Justia U.S. 5th Circuit Court of Appeals Opinion Summaries
Articles Posted in Contracts
Lincoln Gen. Ins. Co. v. U.S. Auto Ins.
This case arose from a complicated series of transactions often called “fronting arrangements” in the insurance industry. Lincoln was awarded $16.5 million on its tortious interference claims against CSi and Alpha. The case involved the diversion of funds from a reinsurance arrangement involving insurer Lincoln and a claims administrator, U.S. Auto. Numerous issues were raised on appeal. The court affirmed: (1) the judgment entered against CSi and Alpha; (2) the grant of summary judgment on Lincoln’s conversion claims; (3) the denial of Lincoln’s cross-motion for summary judgment on its fiduciary duty claims; and (4) the denial of the motion to alter the judgment to include ZVN. The court also held that Lincoln forfeited the right to appeal the dismissal of its claims against Doug Maxwell asserting alter ego liability. The court reversed: (1) the refusal to alter the judgment to include Lincoln General’s breach of contract claim against U.S. Auto; (2) the grant of summary judgment on all the fiduciary duty claims that Lincoln appealed, including the claims for aiding and abetting; and (3) the tortious interference claim against Jim Maxwell. Accordingly, the court remanded for further proceedings. View "Lincoln Gen. Ins. Co. v. U.S. Auto Ins." on Justia Law
Posted in:
Contracts, Insurance Law
Young v. BP
Plaintiff, a crew member aboard a supply vessel that was mud-roped to the Deepwater Horizon and was off-loading drilling mud on the night of the 2010 blowout, filed suit claiming that he sustained physical injuries when the explosion rocked the vessel and threw him against a bulkhead. On appeal, BP challenged the district court's judgment in favor of plaintiff where the district court, over BP's objection, enforced a putative settlement agreement against BP in plaintiff's favor. The court held that the parties formed a binding settlement agreement; the district court correctly excused plaintiff’s failure to sign the release document where BP's refusal to send plaintiff the release excused that failure; but the district court should have held an evidentiary hearing to determine whether plaintiff fraudulently induced BP into entering the settlement agreement. Therefore, the court affirmed the district court’s order in part, but vacated the judgment and remanded for further proceedings. View "Young v.

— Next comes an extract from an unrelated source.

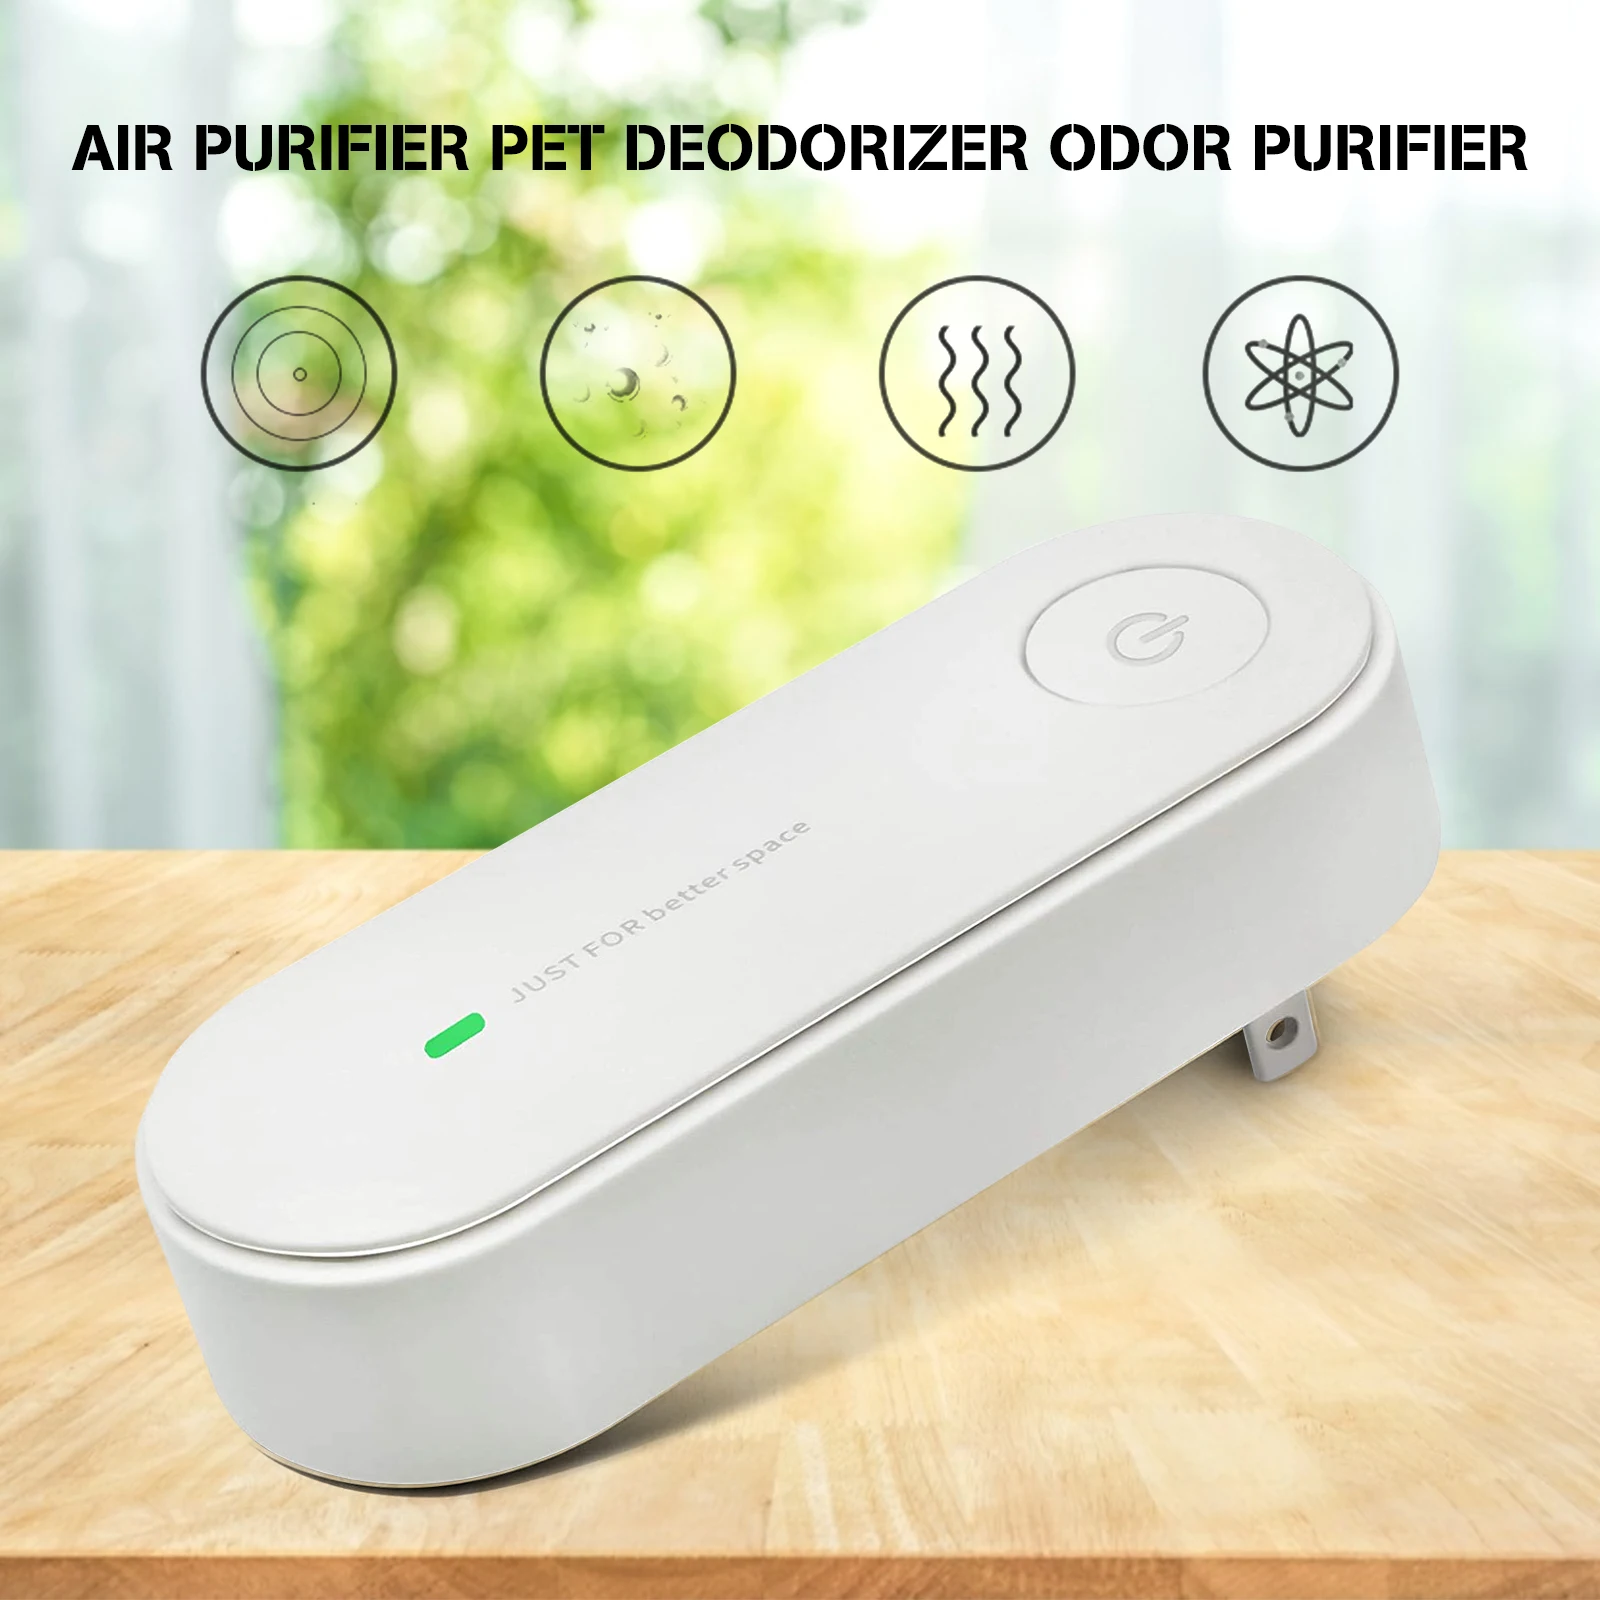 Smart Air Purifier Odor Purifier Pet Deodorizer Kitchen Odor Purifier Smoke Smell Removal Household Products xiaomi mijia negative ion air purifier odor deodorizer durable remove dust smoke removal formaldehyde removal household use

BP" on Justia Law
In Re: Deepwater Horizon
In these consolidated cases, BP appealed three settlement awards, related to the 2010 Deepwater Horizon oil spill, that it paid to nonprofits through its Court-Supervised Settlement Program. On appeal, BP argued that the Claims Administrator improperly interpreted the Settlement Agreement. The awards were based on the Claims Administrator’s determination that nonprofits may count donations and grants as “revenue” under the terms of the Agreement (the Nonprofit-Revenue Interpretation). As a preliminary matter, the court concluded that it has jurisdiction over this appeal under the collateral order doctrine and that BP's appeals were timely. On the merits, the court concluded that BP failed to show that the Nonprofit-Revenue Interpretation violates the plain language of the Agreement. The court held that the Nonprofit-Revenue Interpretation does not alter the class definition in violation of Rule 23 or Article III. Finally, the court concluded that there was no abuse of discretion in the district court's denial of review of the individual awards. Accordingly, the court affirmed the judgment. View "In Re: Deepwater Horizon" on Justia Law
Lake Eugenie Land v. BP
BP and the Economic Property Damages Class entered into a Settlement Agreement in connection with the 2010 Deepwater Horizon oil spill. At issue is the district court's order approving the Final Rules Governing Discretionary Court Review of Appeal Determinations for claims processed through the Settlement Program. After determining that the court had jurisdiction over the appeal under the collateral order doctrine, the court concluded that the parties preserved their right to appeal from the district court under the settlement agreement. The court followed its sister circuits' decisions in similar cases involving consent decrees to hold that, where a settlement agreement does not resolve claims itself but instead establishes a mechanism pursuant to which the district court will resolve claims, parties must expressly waive what is otherwise a right to appeal from claim determination decisions by a district court. In this case, the parties have preserved their right to appeal. Finally, the court concluded that the Final Rules violate the right for parties to appeal claim determinations to this court where the district court failed to provide for the docketing of its orders regarding requests for review. Accordingly, the court vacated and remanded. View "Lake Eugenie Land v. BP" on Justia Law
Amerijet Int’l v. Zero Gravity Corp.
This appeal stemmed from a contract dispute between Amerijet and Zero Gravity where Amerijet operated parabolic flights for Zero Gravity and provided maintenance services. On appeal, Amerijet challenged the district court's anti-suit injunction and petitioned for a writ of mandamus setting aside the district court's order reopening this case after the parties purportedly settled their dispute. Amerijet argued that the district court lacked subject matter jurisdiction because it erred in setting aside Amerijet's voluntary dismissal under Federal Rule of Civil Procedure 41(a)(1)(A)(i). The court affirmed the injunction and denied the petition, concluding that a pre-removal answer meeting the requirements of state law suffices to preclude voluntary dismissal under Rule 41. View "Amerijet Int'l v. Zero Gravity Corp." on Justia Law
Posted in:
Civil Procedure, Contracts
Amerisure Mutual Ins. Co. v. Arch Specialty Ins. Co.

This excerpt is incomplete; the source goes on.